The Federal Government has recently issued its Response to a report by the House of Representatives Standing Committee on Social Policy and Legal Affairs “Volume One: The Operation of the insurance industry during disaster events” (Report).
Specifically, Recommendation 4 of the Report called for the removal of the exemption enjoyed by general insurers from unfair contract terms laws. The Report followed an earlier report in 2009 by the Senate Economics Legislation Committee and the Natural Disaster Insurance Review Report issued in September 2011 each recommending the same.
The Government’s response is to note that it has released a consultation Regulation Impact Statement on Unfair Contract Terms in insurance and that it will consider introducing legislation once all submissions have been considered (please see our earlier article).
General insurers are currently exempt from the operation of the laws regulating unfair contract terms in consumer contracts under s 15 of the Insurance Contracts Act 1984 (Cth) (ICA). The unfair contract laws are contained in the Australian Securities and Investments Act 2001 (Cth) and they regulate the terms contained in standard form contracts for consumer financial products and services.
A contractual term is generally unfair if that term would cause a significant imbalance in the parties’ rights and obligations under the contract, it is not a term reasonably necessary in order to protect the legitimate interests of a party advantaged by the term, and it would cause detriment to a party if the term were to be applied or relied on. Exclusion clauses are potentially unfair unless made transparent to the consumer and the consumer is given reasonable notice of the effect of such exclusions.
General insurers have argued that, in the case of insurance contracts, consumers are sufficiently protected by the duty of utmost good faith owed by insurers under s 13 of the ICA. Insurers have also pointed out that consumers are protected by the ICA generally and otherwise have recourse to assistance from the Financial Ombudsman Service. Unfair contract terms laws could expose insurers to liabilities not factored into premiums and have unforeseen consequences for reinsurance cover. There is also an argument that in some circumstances voiding a term of a policy that has been deemed unfair could result in the undesirable consequence of reducing cover available.

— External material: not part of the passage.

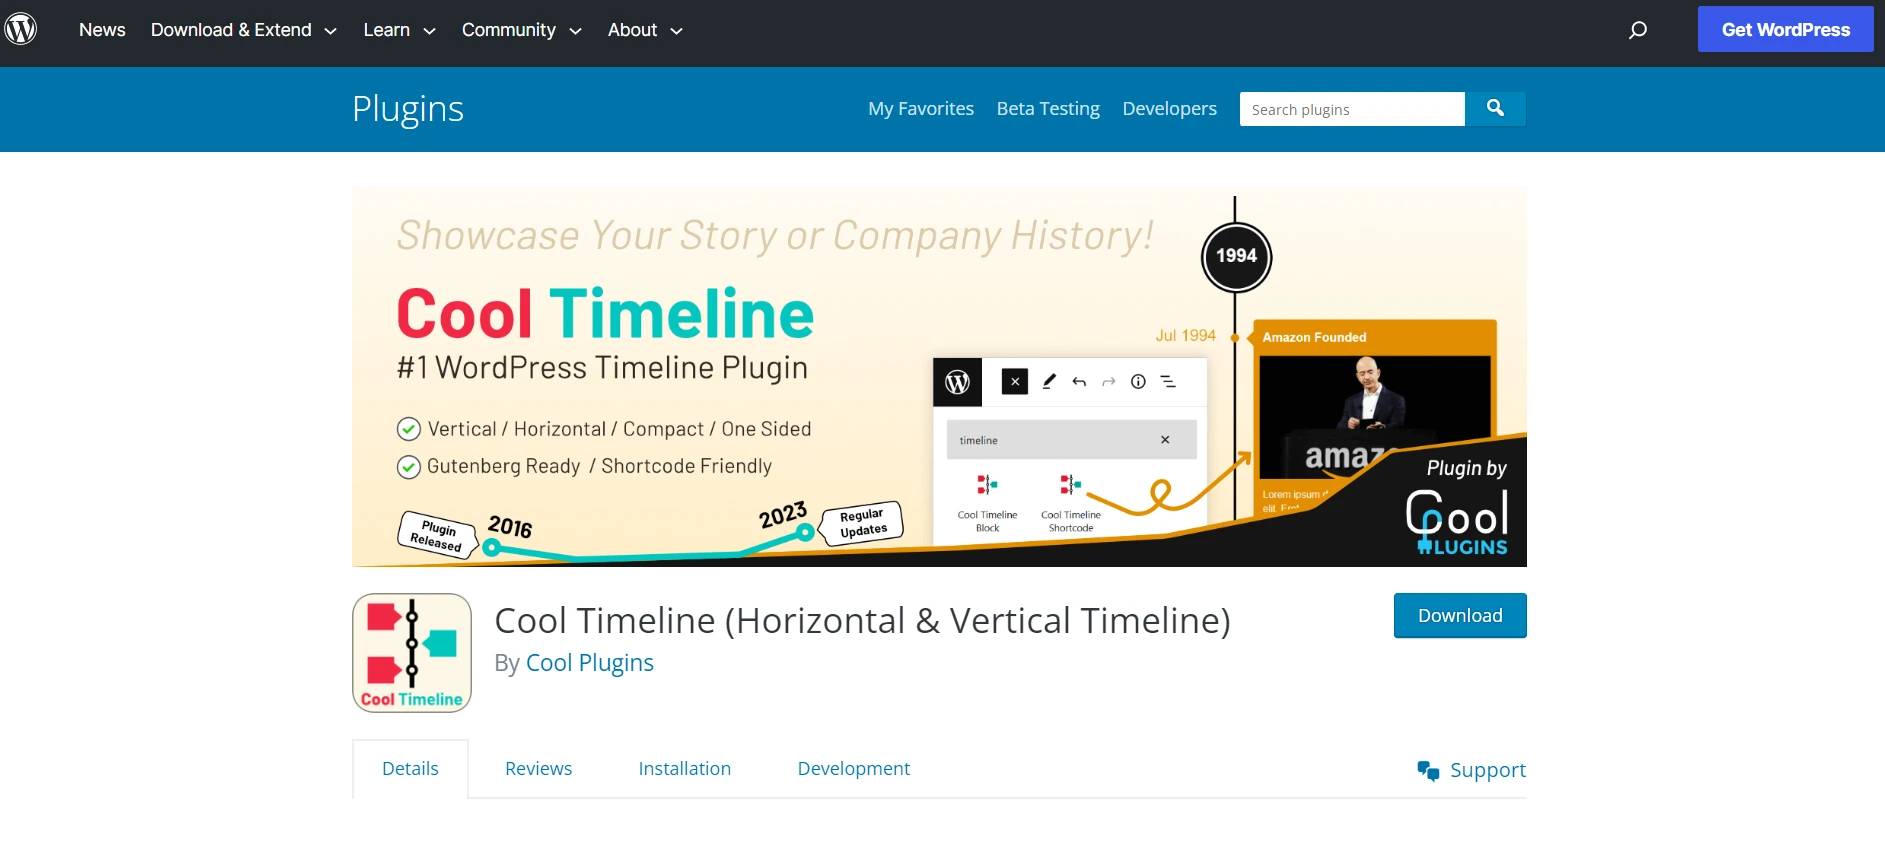 Cool Timeline - WordPress Timeline Plugin

Advocates for consumers have countered the concerns of insurers and have so far been successful. They expect that unfair contract terms laws will provide protections distinct from and above those provided by the duty of utmost good faith and now both Senate and House of Representatives Committees have issued separate reports recommending that the exemption for general insurers be removed. Insurers apparently need not be concerned that they will be prevented from relying on exclusions which deviate from the standard cover when such exclusions are made clear to consumers.
In quoting from the Report, Mr David Coorey, of Legal Aid NSW has said:
The only standard form contract in this country today that does not have unfair terms legislation is insurance, and that is unacceptable. Out of all the contracts in the country, where a consumer lives or dies, really, on the fine print of a product, you would have thought that insurance contracts would be the one contract where you might have legislation that already applies across the board to every other standard form contract in Australia.
Given the findings of the Report, which includes findings that consumers have a very low level of awareness of insurance contracts or policies, it can be reasonably expected that the exemption for general insurers will be the subject of potential legislative reform – this conclusion is reinforced by the Government’s Response. The recent natural disasters in Australia and awareness that such disasters are likely to become more common will, no doubt, play on the minds of legislators and their advisors. Watch this space.
Addendum: In fact, only days before finalising this article, the Insurance Council of Australia has shown that it is already watching. Issue 7 of the Issues Paper from the current General Insurance Code of Practice 2012 Review has raised directly the general insurance exception from unfair contract terms laws and in doing so refers to the findings of the Report and the Natural Disaster Insurance Review Report.
In a review of the purpose behind the duty of utmost good faith in the ICA, the Review notes that the Australian Law Reform Commission (ALRC) had intended for the duty to operate as a “flexible doctrine, with fairness based content, running throughout and for the duration of the contract” but “the specialised insurance doctrine of utmost good faith has not developed to fulfil the hopes the ALRC had for it”. Consequently, it is no surprise the government is seeking to find a method by which to apply unfair contract terms laws to insurance contracts. The Issues Paper concludes that while insurance contracts are unique, this cannot be a sufficient basis for excluding unfair contract terms laws even though there is an argument that insurance contracts ought to be treated differently.